Трой уставился на худую как щепка девушку, сидевшую в кресле. Неужели это та, кого Брайан Аллибон назвал красавицей с темными кудрями и длинными ногами? Полной огня и способной на убийство?
Она выглядела истощенной. Кожа да кости. Ее кое-как собранные волосы распадались на пряди мышиного цвета. Под глазами красовались темно-синие тени; даже ее губы были фиолетовыми. Шеф обратился к девушке, но она этого не поняла, поэтому ему пришлось повторить попытку.
— Вы — Полли Лоусон?
Когда девушка снова промолчала, отец тревожно окликнул ее:
— Полл?
— Да, — с трудом выдохнула она.
— Мисс Лоусон, я вынужден попросить вас проехать с нами в полицейский участок Костона. Там мы зададим вам несколько вопросов. Если вы хотите, чтобы при этом присутствовал адвокат…
— В чем дело? Какого дьявола? — Мэллори Лоусон остолбенел и уставился на полицейских. — Вы что, с ума сошли? — К его лицу прилила кровь. Даже шея покраснела. — Уходите отсюда. Проваливайте!
— Мэллори, ради бога! — Кейт схватила его за руку. — Дорогой, успокойся, пожалуйста. Это какая-то ошибка.
— Ошибка… да. — Лоусон раскачивался, как высокое дерево. — О господи…
— Мистер Лоусон, я бы на вашем месте присел, — сказал Барнеби.
«Да, сядь, пока не упал», — подумал сержант Трой, не сводя глаз с девушки и пытаясь ее понять. Босая, съежившаяся, закутавшаяся во что-то полосатое, она напоминала беженку. О чем она думает? Ей действительно безразлично происходящее? Или таким образом она скрывает свой страх? Может быть, у нее уже нет сил на сопротивление. В это легко поверить. Мать принесла ей босоножки.
— Примерь, милая.
Тогда девушка подняла глаза, улыбнулась, и Трой тут же понял, какой она была прежде.
— Тебе понадобится пальто. — Кейт слишком поздно поняла, что означают ее слова. День стоял жаркий. Похолодать могло только ночью. — Ну, может быть, кардиган.
— Нам пора ехать, — сказал Барнеби.
— Я поеду с тобой. — Кейт поцеловала Полли. — А папа поедет за нами на «гольфе». Будет на чем вернуться.

 

Они сидели в приемной. Проведение допроса казалось сомнительным. Семейный адвокат Лоусонов был в отпуске, а его партнер выступал в суде. Если бы женщина-адвокат, дежурившая на участке, услышала слова Мэллори Лоусона, она была бы глубоко оскорблена.

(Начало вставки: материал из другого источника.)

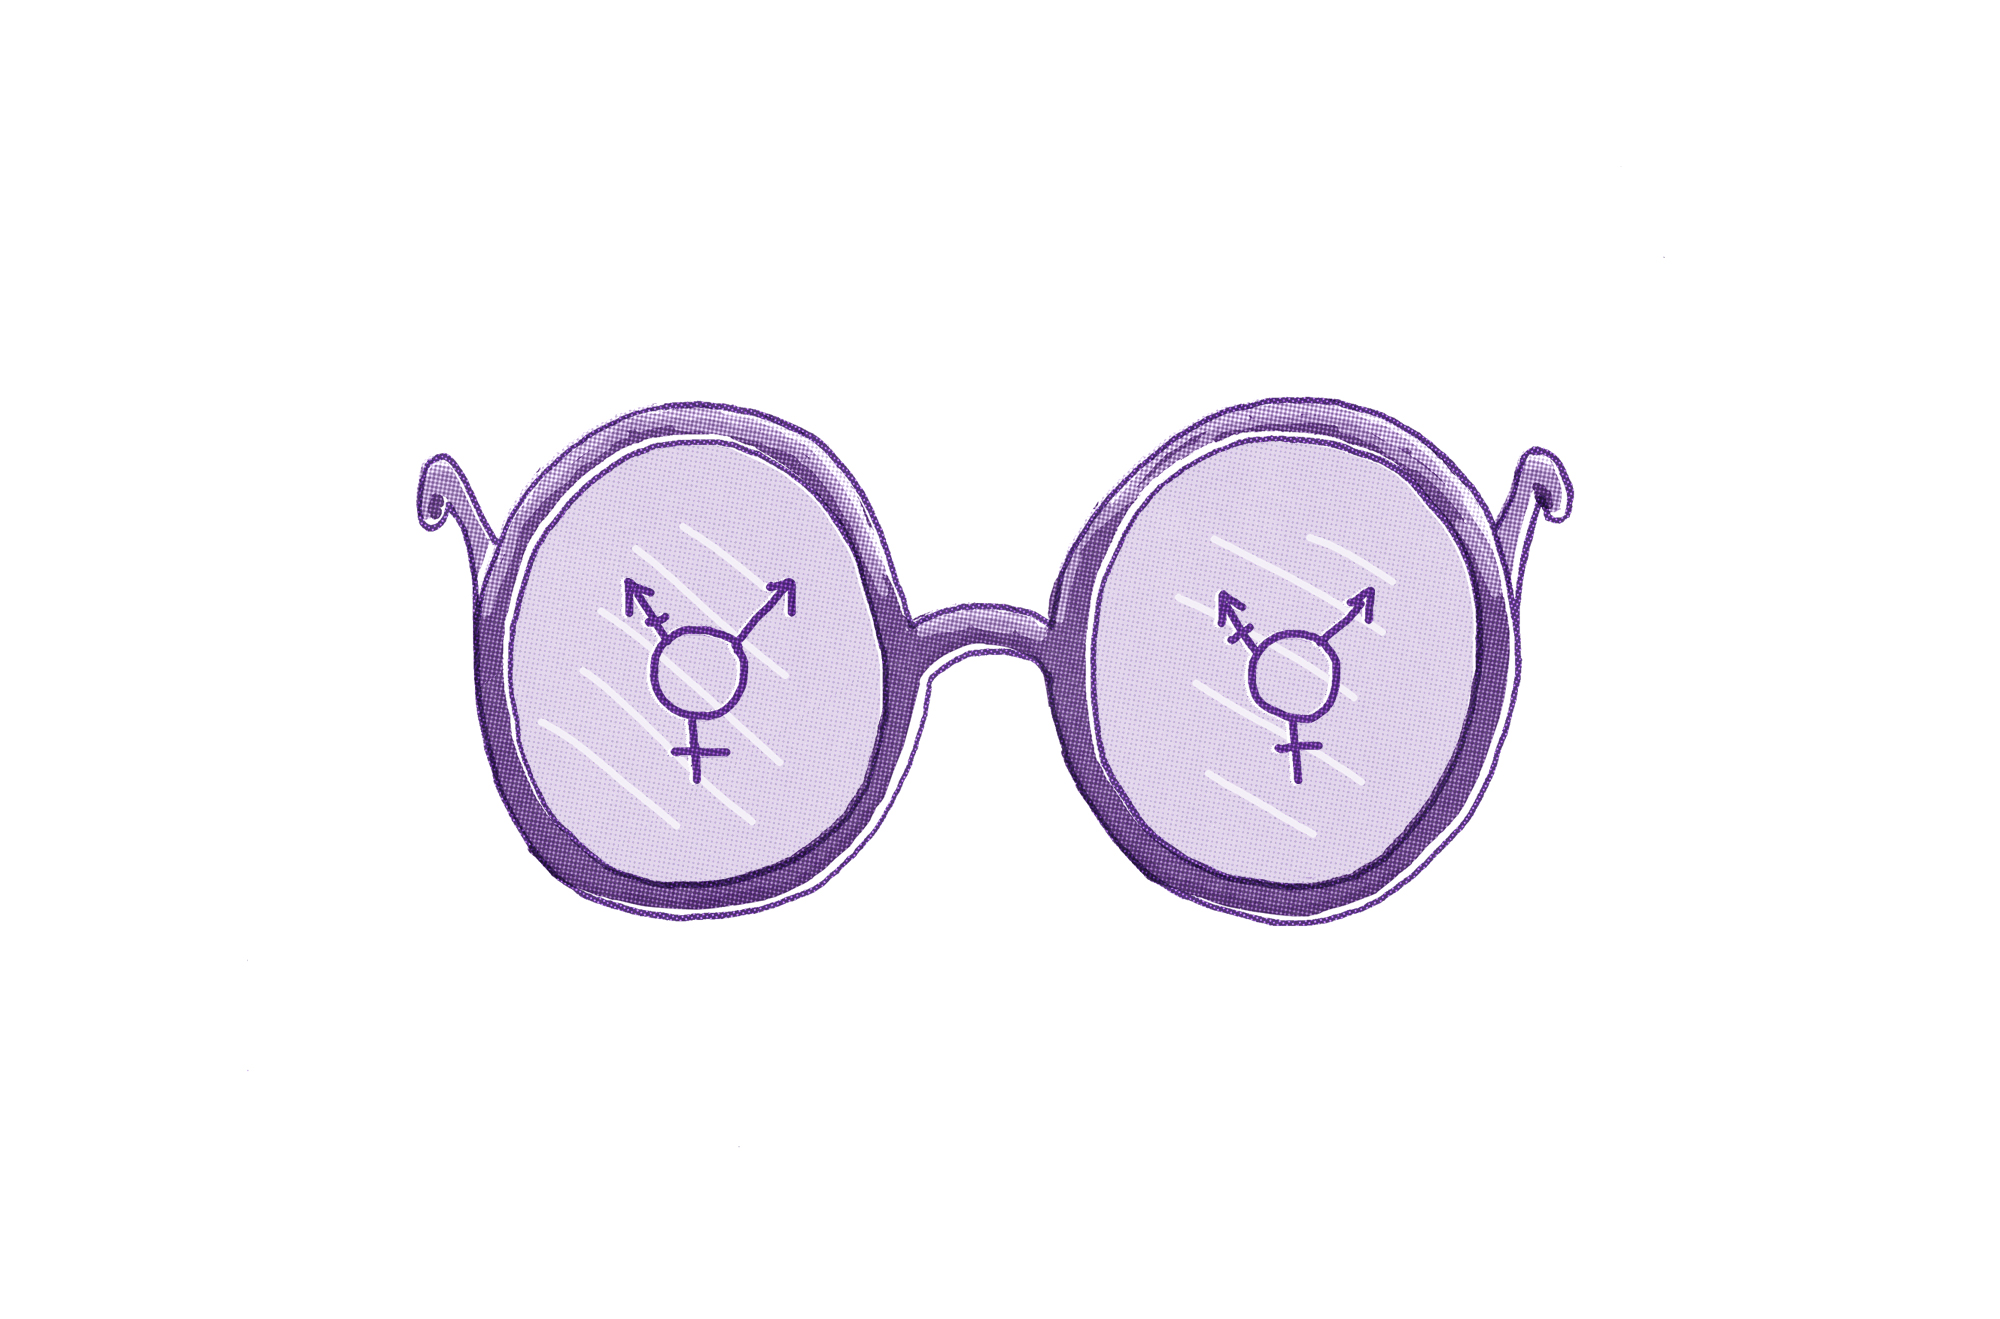 Illustration einer lila Brille mit Geschlechtssymbolen auf den Gläsern. Das linke Glas hat ein kombiniertes männliches und weibliches Symbol, während das rechte Glas ein ähnliches, aber etwas anderes kombiniertes Geschlechtssymbol hat.

— Все знают, что собой представляют эти типы. Некомпетентные, ленивые, беспомощные. Люди, которые не могут найти ничего другого.
— Это неправда…
— Нет, правда. Разве полиция позволит присутствовать на допросах хорошему адвокату?
— Мистер Лоусон…
— Или они трусят. Боятся, что их обвинят в помощи преступникам.
— Я попросил бы вас…
— Но моя дочь не преступница!
— Раз уж вы так заботитесь о своей дочери, то зачем подвергаете ее такому испытанию?
— Я?
— Если бы не ваше противодействие, допрос уже давно закончился бы.
Ну вот, приехали. У сержанта Троя, знавшего, что будет дальше, волосы встали дыбом. Мало кому удавалось вывести его шефа из себя. Увидев ледяной взгляд Барнеби, говоривший о все возраставшем гневе, Трой предпочел отойти в сторону.

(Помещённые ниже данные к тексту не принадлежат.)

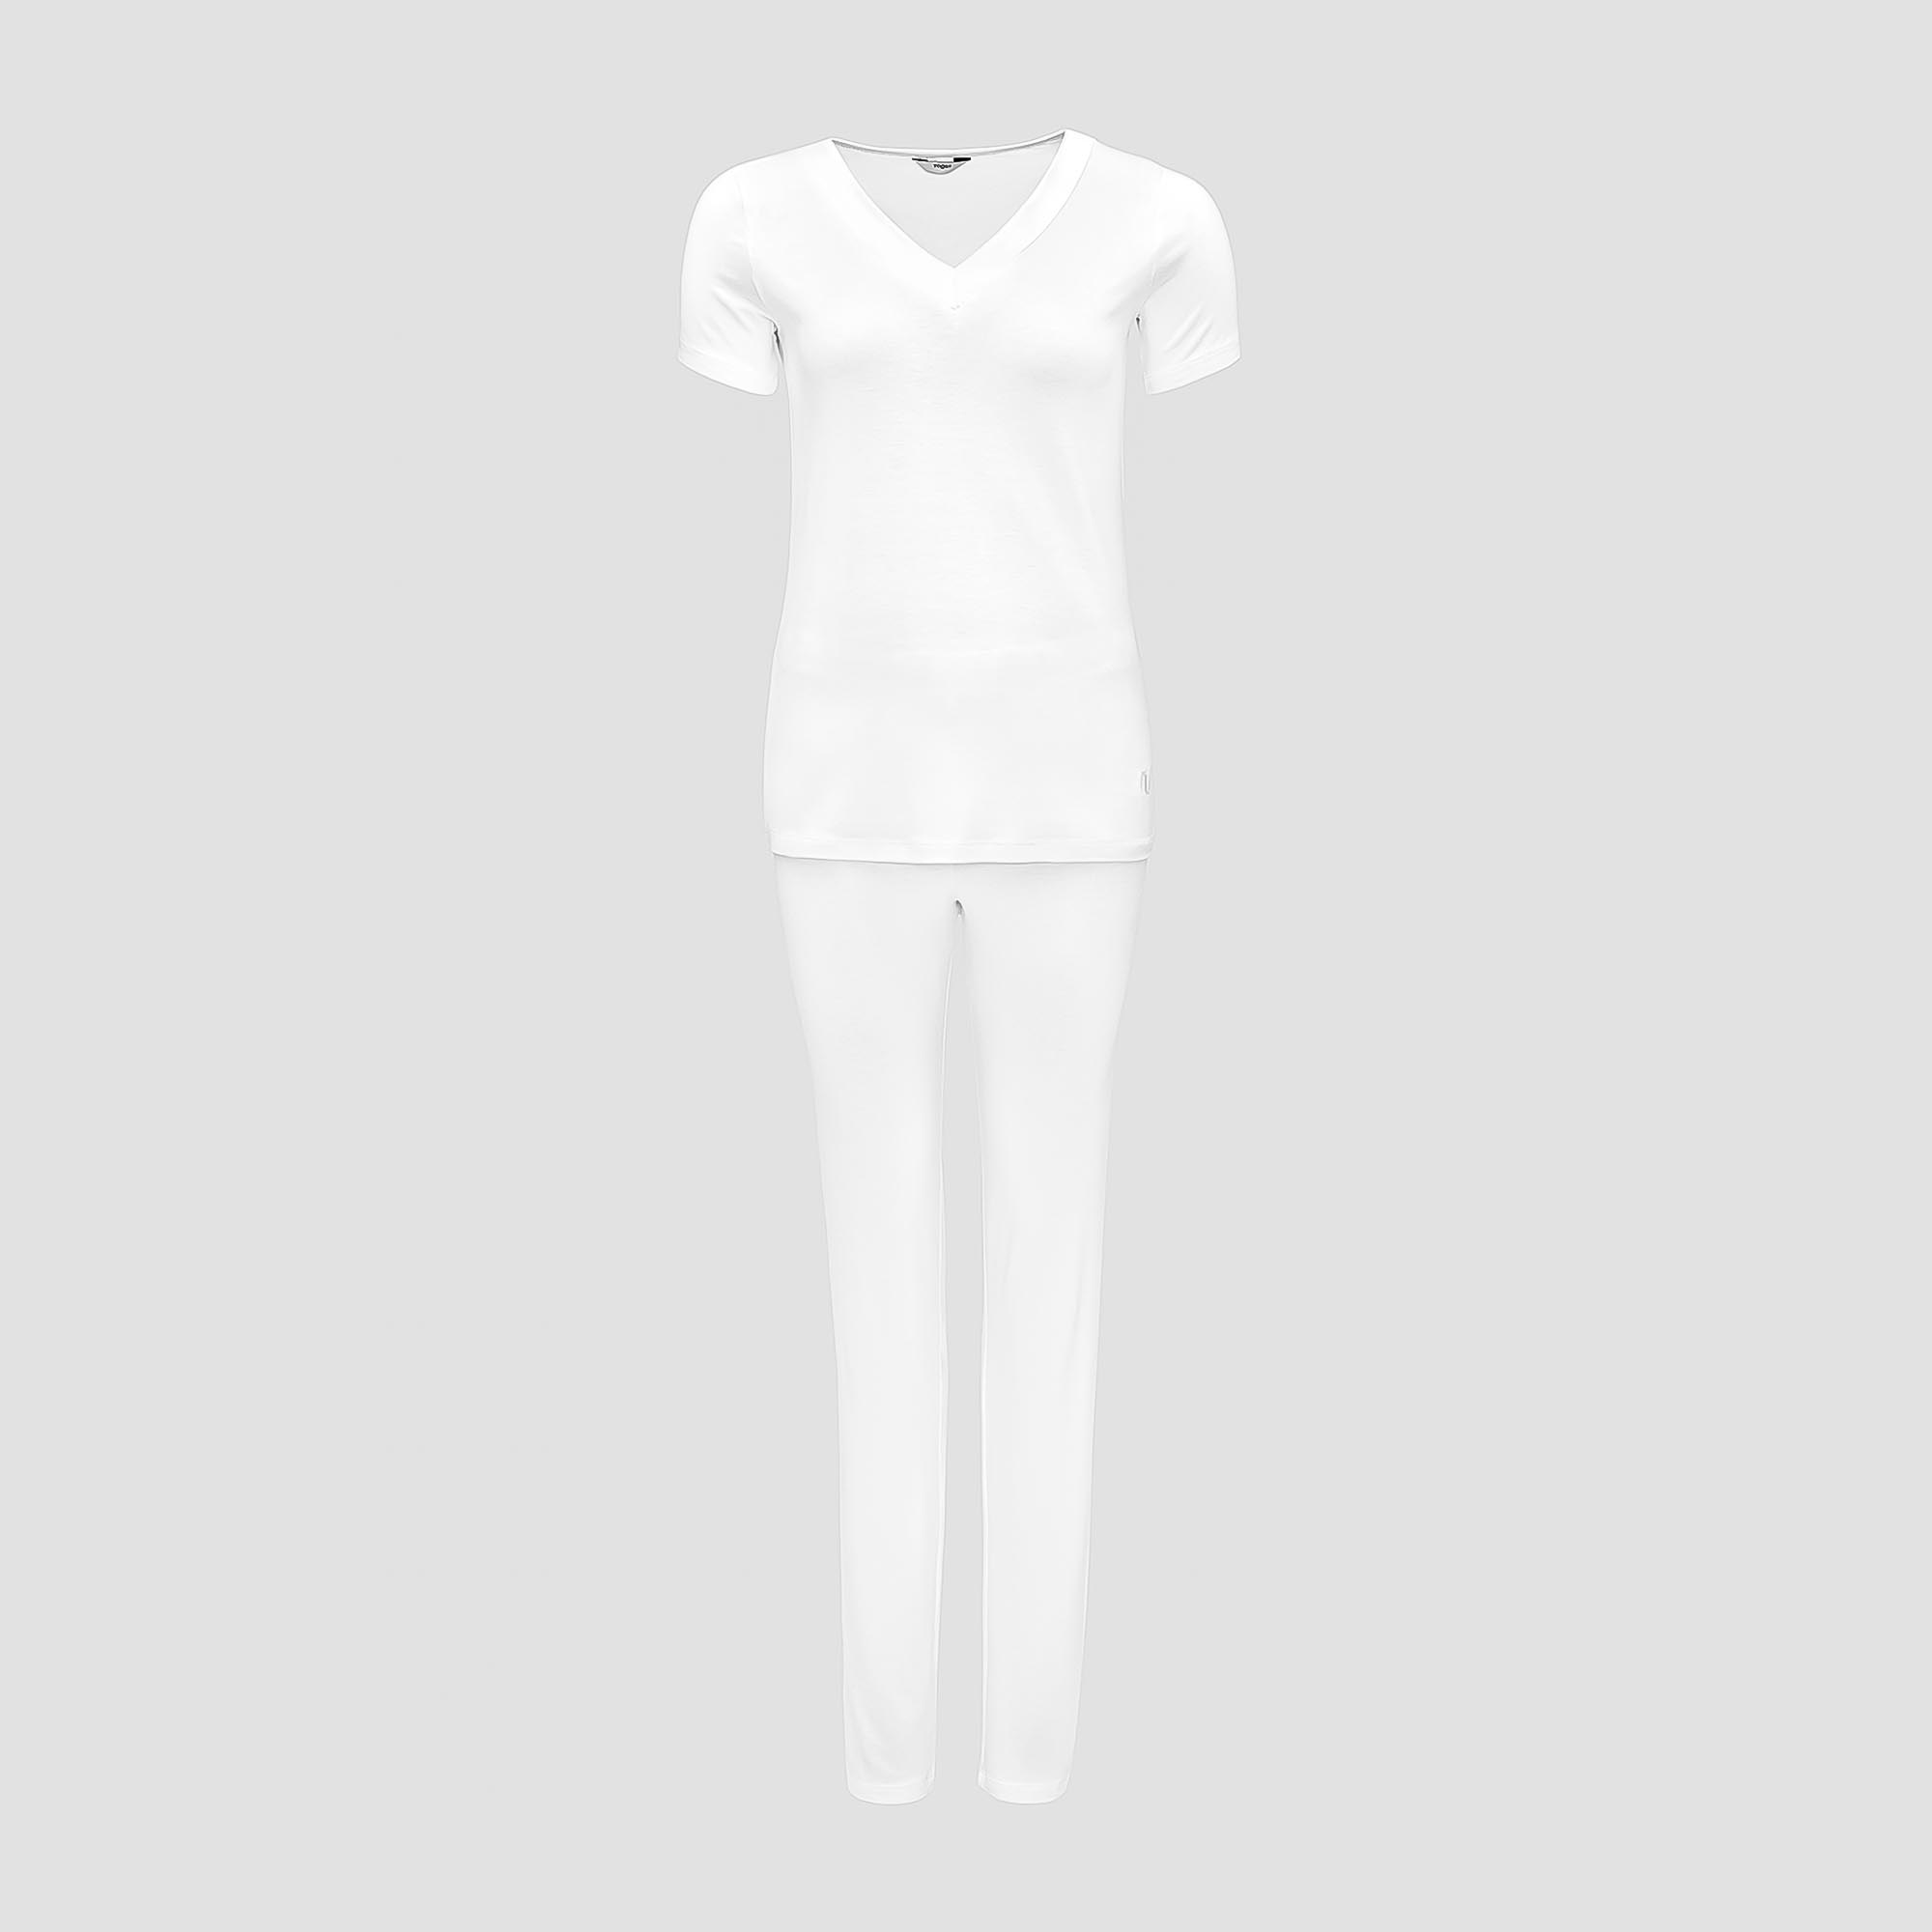 Пижама Togas Ингелла белая женская XL(50) 2 предмета жен пижама с шортами черри белый р 50

Взрыв можно было предотвратить только одним способом: если бы Лоусон пожал плечами и признал себя побежденным. Сел и умолк. Но этого не случилось. Лоусон не чувствовал приближения урагана и продолжал лезть напролом.

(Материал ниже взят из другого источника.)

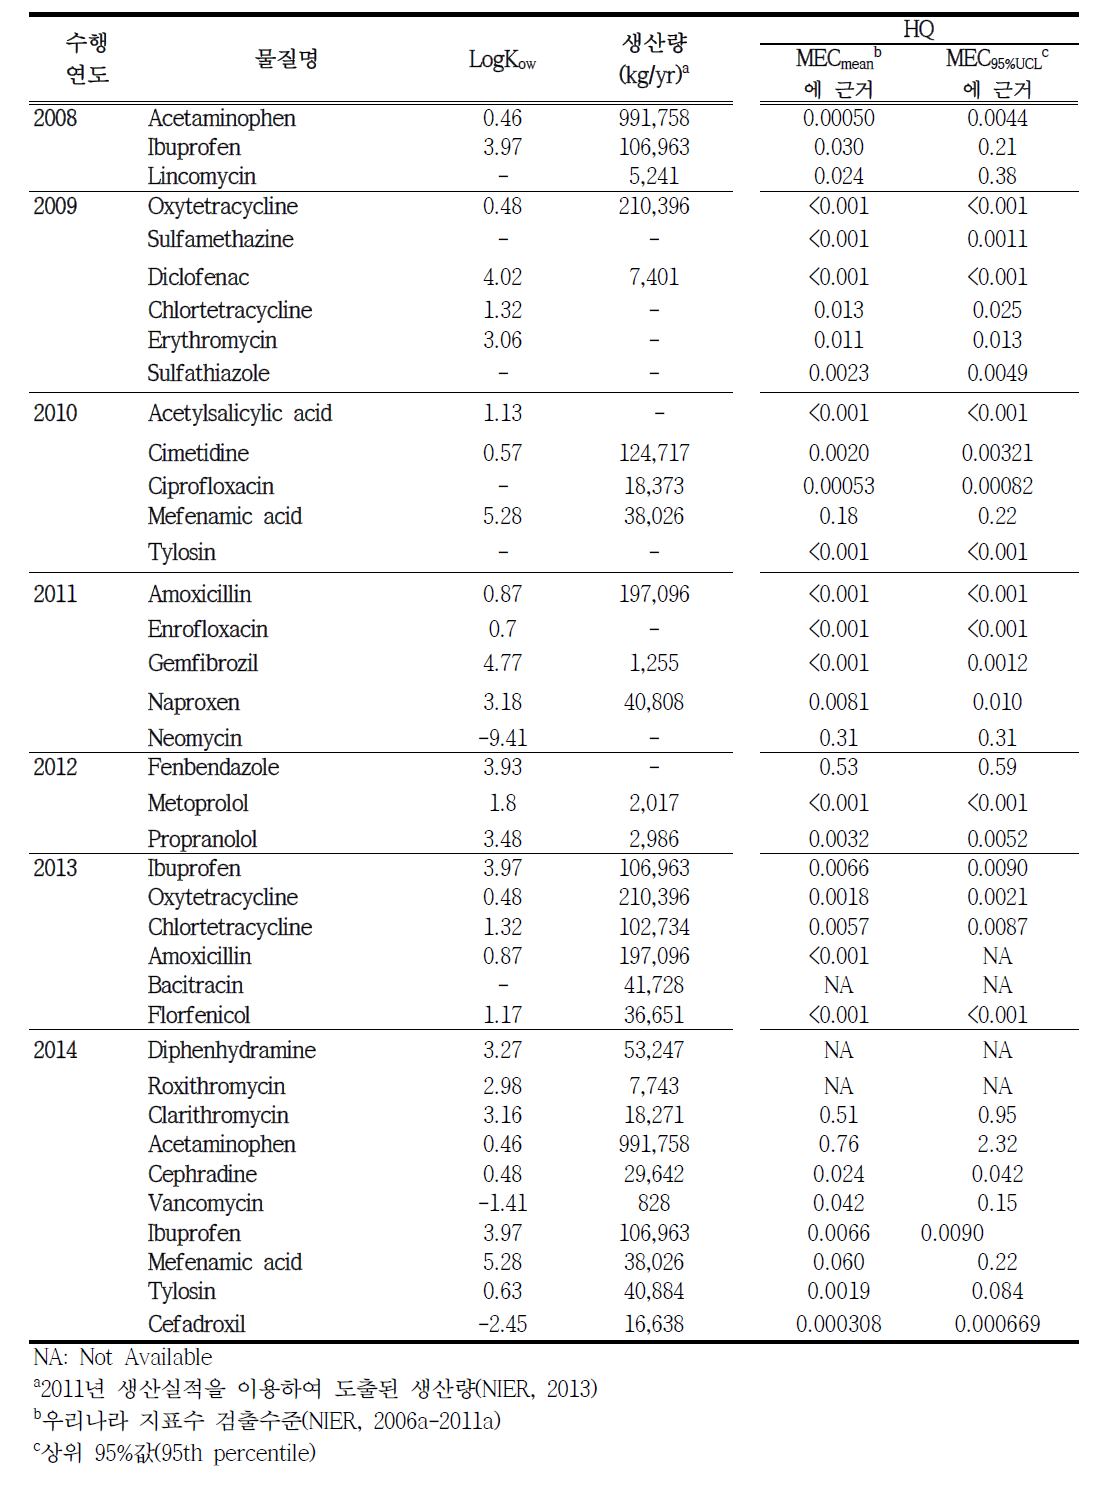 2008-2014년에 수행한 잔류 의약물질의 환경위해성평가 사업 결과 요약

— Я требую, чтобы мне позволили находиться рядом с дочерью во время…
— Требуете? Мистер Лоусон, вы не в том положении, чтобы чего-то требовать. Здесь командую я. Еще одно слово, и я арестую вас за противодействие следствию. И продержу здесь до тех пор, пока вы не предстанете перед мировым судьей. Причем сделаю это не задумываясь. Если вы и ваша жена настаиваете на том, чтобы при допросе мисс Лоусон присутствовал ваш личный адвокат, это ваше право. Но если вы рассчитываете, что после его появления она сможет вернуться домой, то глубоко заблуждаетесь. Она останется здесь столько, сколько понадобится. Я ясно выразился?
Похоже, да, решил Трой. Во всяком случае, в дежурной части наступила тишина. Стук клавиш и бормотание прекратились. Громкий и властный голос шефа заставил всех обратиться в слух.
Трой взял трубку, выслушал сообщение и сказал:
— Дженни Дадли прибыла, сэр. Комната для допросов три.
— Мисс Лоусон?
Кейт, до того обнимавшая Полли за талию, взяла ее за руку. Мэллори, охваченный сомнением и страхом, встал, но тут же сел на место. Кейт начала плакать. Барнеби раздражало их неумение держать себя в руках. Они явно считали, что их дочь отправят на виселицу.

 

Полли не знала, как им это удалось. Впрочем, какая разница? Рано или поздно все должно было открыться. Этого следовало ожидать. Она была ослеплена гордостью, верой в собственный ум, алчностью и воспарила к небесам. Но остатки инстинкта самосохранения все же дали себя знать. Когда во время короткого разговора с глазу на глаз адвокат напомнила о ее правах, в том числе о праве хранить молчание, Полли решила им воспользоваться. Может быть, она и виновна, но зачем позволять связывать себе руки и ноги, как цыпленку перед отправкой в духовку? Поэтому, когда старший из двух полицейских спросил, знает ли она, почему ее доставили в полицию, Полли промолчала.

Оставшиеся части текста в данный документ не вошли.